[Data extracted from a collection]

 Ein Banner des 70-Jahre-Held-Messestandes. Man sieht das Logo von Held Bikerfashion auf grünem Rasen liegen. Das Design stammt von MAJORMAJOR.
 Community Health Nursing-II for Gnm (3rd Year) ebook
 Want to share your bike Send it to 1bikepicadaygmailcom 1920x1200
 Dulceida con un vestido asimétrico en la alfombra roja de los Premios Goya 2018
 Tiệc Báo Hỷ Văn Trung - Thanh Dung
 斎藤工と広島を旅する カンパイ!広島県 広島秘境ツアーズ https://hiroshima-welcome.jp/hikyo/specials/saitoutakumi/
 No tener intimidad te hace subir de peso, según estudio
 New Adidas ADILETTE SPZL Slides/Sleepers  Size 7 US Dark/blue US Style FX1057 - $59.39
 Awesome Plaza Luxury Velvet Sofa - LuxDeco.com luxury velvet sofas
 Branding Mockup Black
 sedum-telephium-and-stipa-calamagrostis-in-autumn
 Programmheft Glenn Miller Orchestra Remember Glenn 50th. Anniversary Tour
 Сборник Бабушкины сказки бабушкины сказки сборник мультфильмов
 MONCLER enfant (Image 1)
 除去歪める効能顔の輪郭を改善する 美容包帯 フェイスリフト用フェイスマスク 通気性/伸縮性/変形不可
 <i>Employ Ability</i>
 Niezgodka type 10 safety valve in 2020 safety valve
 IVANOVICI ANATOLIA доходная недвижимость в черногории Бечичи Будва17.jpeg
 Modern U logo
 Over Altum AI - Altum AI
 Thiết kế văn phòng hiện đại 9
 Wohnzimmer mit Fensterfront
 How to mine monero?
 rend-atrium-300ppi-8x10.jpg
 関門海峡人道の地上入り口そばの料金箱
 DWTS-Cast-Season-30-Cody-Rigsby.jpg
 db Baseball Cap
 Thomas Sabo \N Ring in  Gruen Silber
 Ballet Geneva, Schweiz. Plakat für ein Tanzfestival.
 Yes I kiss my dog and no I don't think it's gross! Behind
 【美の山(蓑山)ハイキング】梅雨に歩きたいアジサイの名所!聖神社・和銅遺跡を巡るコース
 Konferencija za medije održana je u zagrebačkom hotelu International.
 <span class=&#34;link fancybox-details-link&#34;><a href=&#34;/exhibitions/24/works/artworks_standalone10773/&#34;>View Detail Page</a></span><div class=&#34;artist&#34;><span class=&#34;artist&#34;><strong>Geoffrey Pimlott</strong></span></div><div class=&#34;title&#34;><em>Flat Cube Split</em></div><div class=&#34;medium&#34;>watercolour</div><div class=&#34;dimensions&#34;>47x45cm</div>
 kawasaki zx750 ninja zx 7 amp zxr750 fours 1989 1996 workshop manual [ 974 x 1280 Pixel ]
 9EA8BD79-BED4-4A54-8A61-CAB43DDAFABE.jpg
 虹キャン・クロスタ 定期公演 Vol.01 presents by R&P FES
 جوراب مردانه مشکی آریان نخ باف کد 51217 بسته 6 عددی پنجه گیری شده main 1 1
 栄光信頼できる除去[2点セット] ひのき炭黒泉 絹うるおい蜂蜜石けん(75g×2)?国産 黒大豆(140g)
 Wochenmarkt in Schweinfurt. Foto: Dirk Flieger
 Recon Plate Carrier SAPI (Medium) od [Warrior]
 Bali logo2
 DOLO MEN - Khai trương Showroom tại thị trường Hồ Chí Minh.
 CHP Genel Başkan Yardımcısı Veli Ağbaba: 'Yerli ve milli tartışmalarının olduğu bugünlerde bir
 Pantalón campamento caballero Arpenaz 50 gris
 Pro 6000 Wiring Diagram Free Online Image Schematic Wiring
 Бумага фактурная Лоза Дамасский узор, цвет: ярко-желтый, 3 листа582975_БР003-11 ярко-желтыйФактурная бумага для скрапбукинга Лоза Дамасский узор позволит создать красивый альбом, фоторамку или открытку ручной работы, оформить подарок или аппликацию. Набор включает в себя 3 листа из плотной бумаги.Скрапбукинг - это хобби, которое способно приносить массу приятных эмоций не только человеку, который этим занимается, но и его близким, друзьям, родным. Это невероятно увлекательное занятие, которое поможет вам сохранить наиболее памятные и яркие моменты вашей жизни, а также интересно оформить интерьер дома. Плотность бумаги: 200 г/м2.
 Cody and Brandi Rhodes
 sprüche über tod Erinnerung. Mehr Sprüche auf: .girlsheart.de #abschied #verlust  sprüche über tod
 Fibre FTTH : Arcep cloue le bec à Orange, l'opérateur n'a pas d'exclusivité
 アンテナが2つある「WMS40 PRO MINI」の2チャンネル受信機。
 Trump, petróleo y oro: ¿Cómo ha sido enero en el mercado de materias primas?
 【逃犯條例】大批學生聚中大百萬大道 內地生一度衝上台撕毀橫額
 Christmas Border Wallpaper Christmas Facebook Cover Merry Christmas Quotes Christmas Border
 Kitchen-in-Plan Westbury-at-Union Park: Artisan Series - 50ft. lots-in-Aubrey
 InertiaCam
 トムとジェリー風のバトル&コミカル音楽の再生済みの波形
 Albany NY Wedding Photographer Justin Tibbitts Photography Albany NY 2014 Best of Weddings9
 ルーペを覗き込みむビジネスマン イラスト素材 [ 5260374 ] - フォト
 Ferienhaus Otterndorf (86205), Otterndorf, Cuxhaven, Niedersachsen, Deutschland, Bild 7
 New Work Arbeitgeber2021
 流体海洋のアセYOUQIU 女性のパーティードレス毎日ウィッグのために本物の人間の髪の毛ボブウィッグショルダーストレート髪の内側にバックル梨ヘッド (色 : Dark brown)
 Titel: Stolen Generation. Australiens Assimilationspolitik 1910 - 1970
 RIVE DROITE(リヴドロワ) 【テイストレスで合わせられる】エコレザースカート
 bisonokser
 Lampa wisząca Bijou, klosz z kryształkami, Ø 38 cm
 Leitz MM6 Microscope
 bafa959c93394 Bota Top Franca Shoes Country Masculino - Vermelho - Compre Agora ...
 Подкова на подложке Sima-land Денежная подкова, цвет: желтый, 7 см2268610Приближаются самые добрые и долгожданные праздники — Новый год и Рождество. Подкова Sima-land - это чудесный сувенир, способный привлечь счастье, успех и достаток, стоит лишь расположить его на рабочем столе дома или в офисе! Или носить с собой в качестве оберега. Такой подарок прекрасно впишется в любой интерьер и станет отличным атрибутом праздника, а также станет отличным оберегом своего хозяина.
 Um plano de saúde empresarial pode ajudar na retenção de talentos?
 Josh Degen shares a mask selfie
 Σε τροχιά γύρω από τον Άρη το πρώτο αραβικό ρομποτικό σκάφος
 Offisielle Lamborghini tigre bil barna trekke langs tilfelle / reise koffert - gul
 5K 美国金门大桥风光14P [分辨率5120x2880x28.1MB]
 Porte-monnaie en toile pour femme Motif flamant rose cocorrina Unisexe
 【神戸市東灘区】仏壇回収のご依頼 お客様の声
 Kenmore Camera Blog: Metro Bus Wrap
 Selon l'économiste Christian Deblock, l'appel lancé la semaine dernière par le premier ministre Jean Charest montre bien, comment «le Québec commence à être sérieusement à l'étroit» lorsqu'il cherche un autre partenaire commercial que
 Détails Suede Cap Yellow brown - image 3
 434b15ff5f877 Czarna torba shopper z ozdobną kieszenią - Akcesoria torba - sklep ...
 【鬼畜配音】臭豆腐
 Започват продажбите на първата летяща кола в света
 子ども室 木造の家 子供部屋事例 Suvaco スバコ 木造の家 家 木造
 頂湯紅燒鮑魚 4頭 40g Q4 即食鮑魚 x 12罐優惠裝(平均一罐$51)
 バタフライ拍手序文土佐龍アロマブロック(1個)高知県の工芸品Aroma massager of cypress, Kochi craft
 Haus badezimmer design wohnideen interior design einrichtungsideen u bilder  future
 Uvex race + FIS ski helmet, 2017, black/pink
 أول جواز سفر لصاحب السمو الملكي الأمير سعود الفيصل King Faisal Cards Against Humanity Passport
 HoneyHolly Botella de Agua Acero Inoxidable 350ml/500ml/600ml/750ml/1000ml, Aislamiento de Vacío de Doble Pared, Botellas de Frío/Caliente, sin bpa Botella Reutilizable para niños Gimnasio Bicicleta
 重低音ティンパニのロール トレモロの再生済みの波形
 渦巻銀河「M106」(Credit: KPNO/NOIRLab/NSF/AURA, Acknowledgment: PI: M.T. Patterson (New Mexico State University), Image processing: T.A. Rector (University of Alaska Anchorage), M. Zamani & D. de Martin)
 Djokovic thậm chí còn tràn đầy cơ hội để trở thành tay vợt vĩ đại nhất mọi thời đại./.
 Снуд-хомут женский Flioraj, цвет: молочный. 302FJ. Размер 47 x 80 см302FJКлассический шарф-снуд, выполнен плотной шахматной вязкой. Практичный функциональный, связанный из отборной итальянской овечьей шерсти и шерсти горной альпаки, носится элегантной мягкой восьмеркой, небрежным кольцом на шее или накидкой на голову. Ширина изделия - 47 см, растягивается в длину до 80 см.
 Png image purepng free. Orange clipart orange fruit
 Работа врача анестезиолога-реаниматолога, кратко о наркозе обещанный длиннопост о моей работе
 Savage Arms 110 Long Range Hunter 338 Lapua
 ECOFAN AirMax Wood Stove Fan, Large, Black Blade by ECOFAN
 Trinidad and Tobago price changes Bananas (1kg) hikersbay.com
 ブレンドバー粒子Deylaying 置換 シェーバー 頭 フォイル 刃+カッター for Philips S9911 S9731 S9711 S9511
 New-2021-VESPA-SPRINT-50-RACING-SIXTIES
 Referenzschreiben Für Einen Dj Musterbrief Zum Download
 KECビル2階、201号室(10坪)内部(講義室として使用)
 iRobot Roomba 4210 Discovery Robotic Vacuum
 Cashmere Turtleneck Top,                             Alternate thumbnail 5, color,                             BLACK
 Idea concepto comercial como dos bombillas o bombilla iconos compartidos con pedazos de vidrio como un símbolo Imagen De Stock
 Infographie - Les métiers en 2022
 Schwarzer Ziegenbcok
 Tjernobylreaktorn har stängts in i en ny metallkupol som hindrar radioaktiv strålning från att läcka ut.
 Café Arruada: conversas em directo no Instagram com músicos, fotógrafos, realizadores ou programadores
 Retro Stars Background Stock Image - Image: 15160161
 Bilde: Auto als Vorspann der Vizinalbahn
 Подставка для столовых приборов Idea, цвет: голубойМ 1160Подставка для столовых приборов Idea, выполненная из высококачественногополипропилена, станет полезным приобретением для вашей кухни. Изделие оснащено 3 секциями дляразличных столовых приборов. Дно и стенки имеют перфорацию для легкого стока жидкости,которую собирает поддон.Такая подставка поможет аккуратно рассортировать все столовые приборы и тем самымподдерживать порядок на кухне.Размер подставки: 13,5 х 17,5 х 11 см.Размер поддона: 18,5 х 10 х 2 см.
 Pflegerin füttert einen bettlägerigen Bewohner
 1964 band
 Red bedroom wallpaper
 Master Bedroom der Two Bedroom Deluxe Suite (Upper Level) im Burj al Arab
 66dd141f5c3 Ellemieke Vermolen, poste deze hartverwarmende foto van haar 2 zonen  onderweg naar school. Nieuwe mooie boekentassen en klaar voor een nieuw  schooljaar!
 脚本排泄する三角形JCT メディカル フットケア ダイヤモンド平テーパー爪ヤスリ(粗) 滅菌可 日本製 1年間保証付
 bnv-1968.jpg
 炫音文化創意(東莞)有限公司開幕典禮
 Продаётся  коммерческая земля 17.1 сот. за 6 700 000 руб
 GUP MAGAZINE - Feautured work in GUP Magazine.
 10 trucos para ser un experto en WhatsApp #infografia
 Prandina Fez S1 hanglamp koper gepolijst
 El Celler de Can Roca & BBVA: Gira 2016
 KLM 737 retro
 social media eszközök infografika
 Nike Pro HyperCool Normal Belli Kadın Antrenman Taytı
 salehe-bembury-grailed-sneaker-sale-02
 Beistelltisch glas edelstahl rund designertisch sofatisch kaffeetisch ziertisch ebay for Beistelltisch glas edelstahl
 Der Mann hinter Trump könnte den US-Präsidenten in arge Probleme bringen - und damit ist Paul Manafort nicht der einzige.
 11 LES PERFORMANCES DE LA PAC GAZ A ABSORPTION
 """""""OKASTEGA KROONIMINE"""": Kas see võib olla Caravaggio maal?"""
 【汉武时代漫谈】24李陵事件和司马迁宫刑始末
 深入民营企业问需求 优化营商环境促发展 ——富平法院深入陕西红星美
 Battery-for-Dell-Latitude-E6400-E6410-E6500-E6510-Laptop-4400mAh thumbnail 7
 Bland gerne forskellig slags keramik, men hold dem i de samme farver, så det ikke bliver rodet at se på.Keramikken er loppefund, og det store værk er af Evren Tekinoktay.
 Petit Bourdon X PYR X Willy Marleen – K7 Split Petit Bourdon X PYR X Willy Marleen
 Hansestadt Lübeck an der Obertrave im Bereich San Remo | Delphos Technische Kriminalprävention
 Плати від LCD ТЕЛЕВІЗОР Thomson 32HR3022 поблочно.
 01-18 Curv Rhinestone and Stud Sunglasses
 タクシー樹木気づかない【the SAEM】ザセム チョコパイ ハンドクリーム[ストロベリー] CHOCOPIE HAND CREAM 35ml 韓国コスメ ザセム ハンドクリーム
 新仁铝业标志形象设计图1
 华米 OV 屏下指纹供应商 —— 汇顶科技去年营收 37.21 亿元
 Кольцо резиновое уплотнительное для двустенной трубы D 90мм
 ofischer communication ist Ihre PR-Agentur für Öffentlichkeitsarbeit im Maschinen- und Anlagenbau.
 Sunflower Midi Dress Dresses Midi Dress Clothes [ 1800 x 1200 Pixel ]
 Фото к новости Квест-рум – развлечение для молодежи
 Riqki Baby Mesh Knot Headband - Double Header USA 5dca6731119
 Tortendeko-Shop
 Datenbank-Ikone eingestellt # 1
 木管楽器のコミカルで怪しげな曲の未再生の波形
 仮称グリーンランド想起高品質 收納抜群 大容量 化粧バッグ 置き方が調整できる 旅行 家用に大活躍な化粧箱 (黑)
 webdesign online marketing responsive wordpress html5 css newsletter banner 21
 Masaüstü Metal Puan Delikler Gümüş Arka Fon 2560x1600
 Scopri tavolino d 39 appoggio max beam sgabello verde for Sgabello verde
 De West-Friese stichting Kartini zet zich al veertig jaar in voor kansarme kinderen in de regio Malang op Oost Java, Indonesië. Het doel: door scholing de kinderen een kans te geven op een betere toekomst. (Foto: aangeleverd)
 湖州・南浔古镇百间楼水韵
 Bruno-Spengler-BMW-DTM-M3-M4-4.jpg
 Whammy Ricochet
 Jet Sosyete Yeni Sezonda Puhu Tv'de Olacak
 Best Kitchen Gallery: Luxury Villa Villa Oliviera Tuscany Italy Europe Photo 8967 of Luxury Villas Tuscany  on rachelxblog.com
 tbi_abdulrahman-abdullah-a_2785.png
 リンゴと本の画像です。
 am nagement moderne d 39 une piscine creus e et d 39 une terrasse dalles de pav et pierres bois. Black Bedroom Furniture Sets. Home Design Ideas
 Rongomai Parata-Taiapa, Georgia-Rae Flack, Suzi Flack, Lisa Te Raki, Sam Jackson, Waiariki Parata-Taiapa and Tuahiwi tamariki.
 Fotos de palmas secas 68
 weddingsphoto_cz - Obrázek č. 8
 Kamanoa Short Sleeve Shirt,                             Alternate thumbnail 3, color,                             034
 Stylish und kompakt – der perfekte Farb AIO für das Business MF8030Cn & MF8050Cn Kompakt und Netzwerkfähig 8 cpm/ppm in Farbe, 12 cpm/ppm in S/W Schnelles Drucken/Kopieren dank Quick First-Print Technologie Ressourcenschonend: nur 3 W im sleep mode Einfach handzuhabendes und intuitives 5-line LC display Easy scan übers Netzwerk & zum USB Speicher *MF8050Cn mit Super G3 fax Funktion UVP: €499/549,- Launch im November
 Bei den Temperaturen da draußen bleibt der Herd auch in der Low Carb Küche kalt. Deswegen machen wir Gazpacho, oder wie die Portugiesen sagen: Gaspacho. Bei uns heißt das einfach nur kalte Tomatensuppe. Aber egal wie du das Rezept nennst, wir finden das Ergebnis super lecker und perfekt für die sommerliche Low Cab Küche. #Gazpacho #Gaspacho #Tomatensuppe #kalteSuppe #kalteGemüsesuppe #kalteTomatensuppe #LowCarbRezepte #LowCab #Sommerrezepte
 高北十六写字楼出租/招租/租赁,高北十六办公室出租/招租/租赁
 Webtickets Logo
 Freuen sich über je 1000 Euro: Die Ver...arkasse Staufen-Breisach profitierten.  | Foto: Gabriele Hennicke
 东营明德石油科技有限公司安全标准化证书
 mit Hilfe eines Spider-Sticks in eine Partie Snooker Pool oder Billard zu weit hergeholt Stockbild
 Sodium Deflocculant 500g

Assigned task:
What belongs in the answer is each line of the data that has the word "Dark".

Answer space:
 New Adidas ADILETTE SPZL Slides/Sleepers  Size 7 US Dark/blue US Style FX1057 - $59.39
 流体海洋のアセYOUQIU 女性のパーティードレス毎日ウィッグのために本物の人間の髪の毛ボブウィッグショルダーストレート髪の内側にバックル梨ヘッド (色 : Dark brown)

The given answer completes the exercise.